Девочка из Морбакки: Записки ребенка. Дневник Сельмы Оттилии Ловисы Лагерлёф
Шрифт:
На второй странице обнаружился перечень действующих лиц. Ужасно длинные и красивые имена королей, рыцарей, епископов, благородных дам и монахинь. Заглавные буквы выведены особенно красиво, с множеством завитушек и росчерков. Список был длинный, занимал всю страницу.
На третьей странице я прочла: Первое действие. Первая сцена, а ниже — очень подробное описание средневекового шведского замка. Упомянуты и сводчатые коридоры, и коньки крыш, и ворота, и башни, и лестницы, и увитая плющом стена. Все выписано так красиво и тщательно, что хоть сейчас отсылай в набор.
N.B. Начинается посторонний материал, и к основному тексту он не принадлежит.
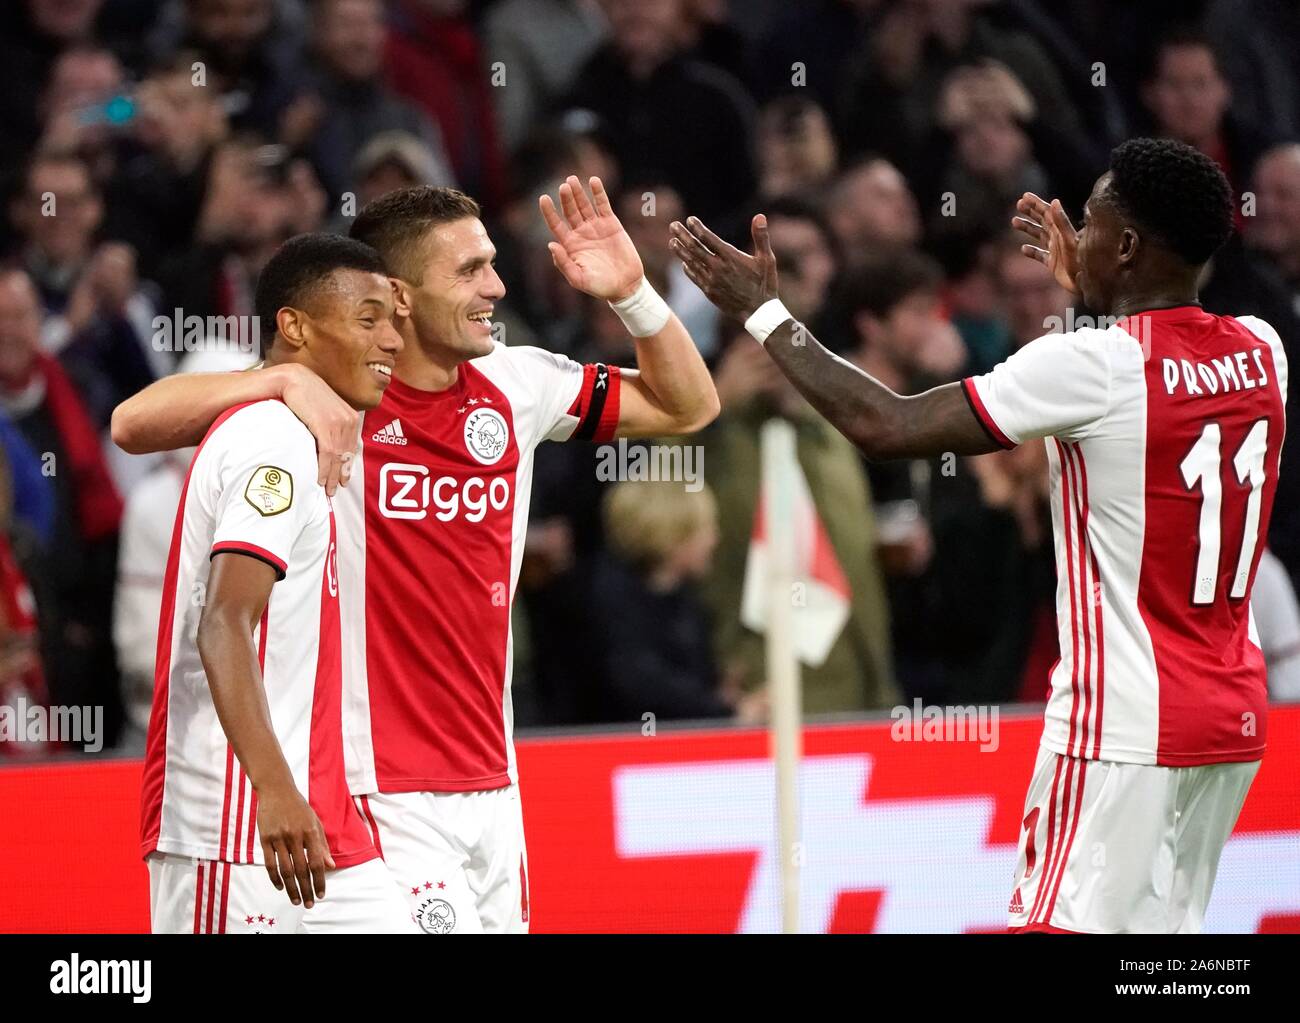 Amsterdam, Netherlands. 27th Oct, 2019. David Neres (Ajax) and Dusan Tadic (Ajax) after 3-0 during Premier Divison football Ajax-Feyenoord on October 27, 2019 in the Johan Cruijff Arena in Amsterdam (Photo: Soenar Chamid/SCS/AFLO) (HOLLAND OUT) Credit: Aflo Co. Ltd./Alamy Live News Stock Photo
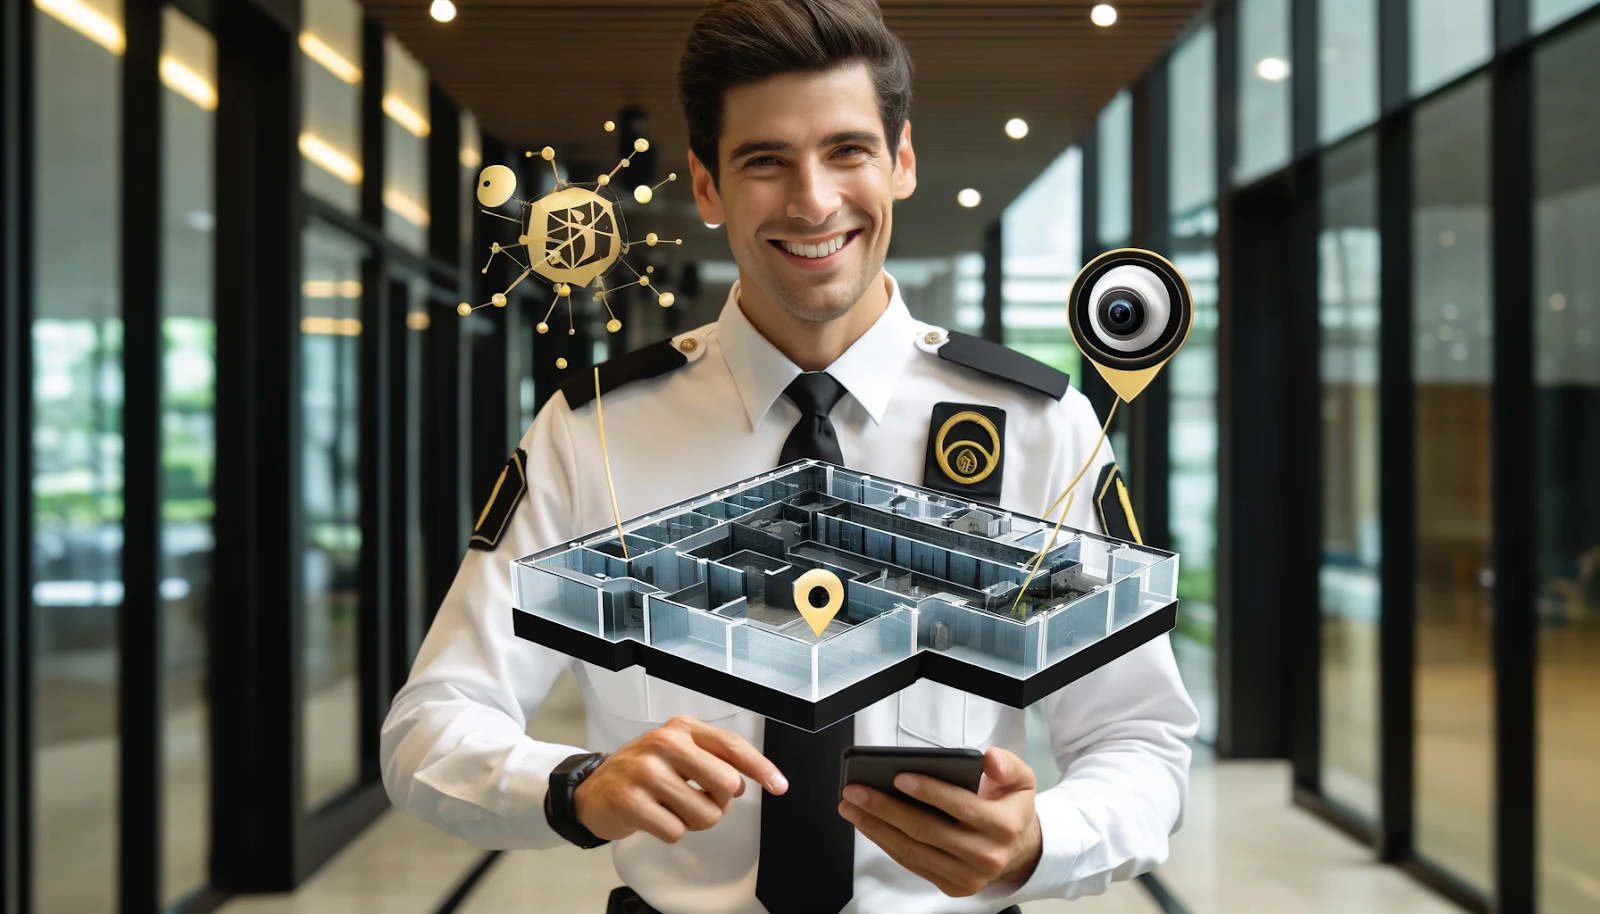 Cheerful security guard using augmented reality for security mapping in a building, with black and gold colors

На четвертой странице сообщались имена тех, кто участвовал в первой сцене. Сплошь немецкие ландскнехты на службе короля Альбрехта Мекленбургского. Они сидели за столом во дворе замка, пьянствовали
Пятая страница начиналась с питейной песни ландскнехтов. Звучала она так:
На алой заре С мечами в руке Шагаем мы все Вверх по горе.И все. Продолжение отсутствовало.
— Ну, нашла что-нибудь? — спросил дядя.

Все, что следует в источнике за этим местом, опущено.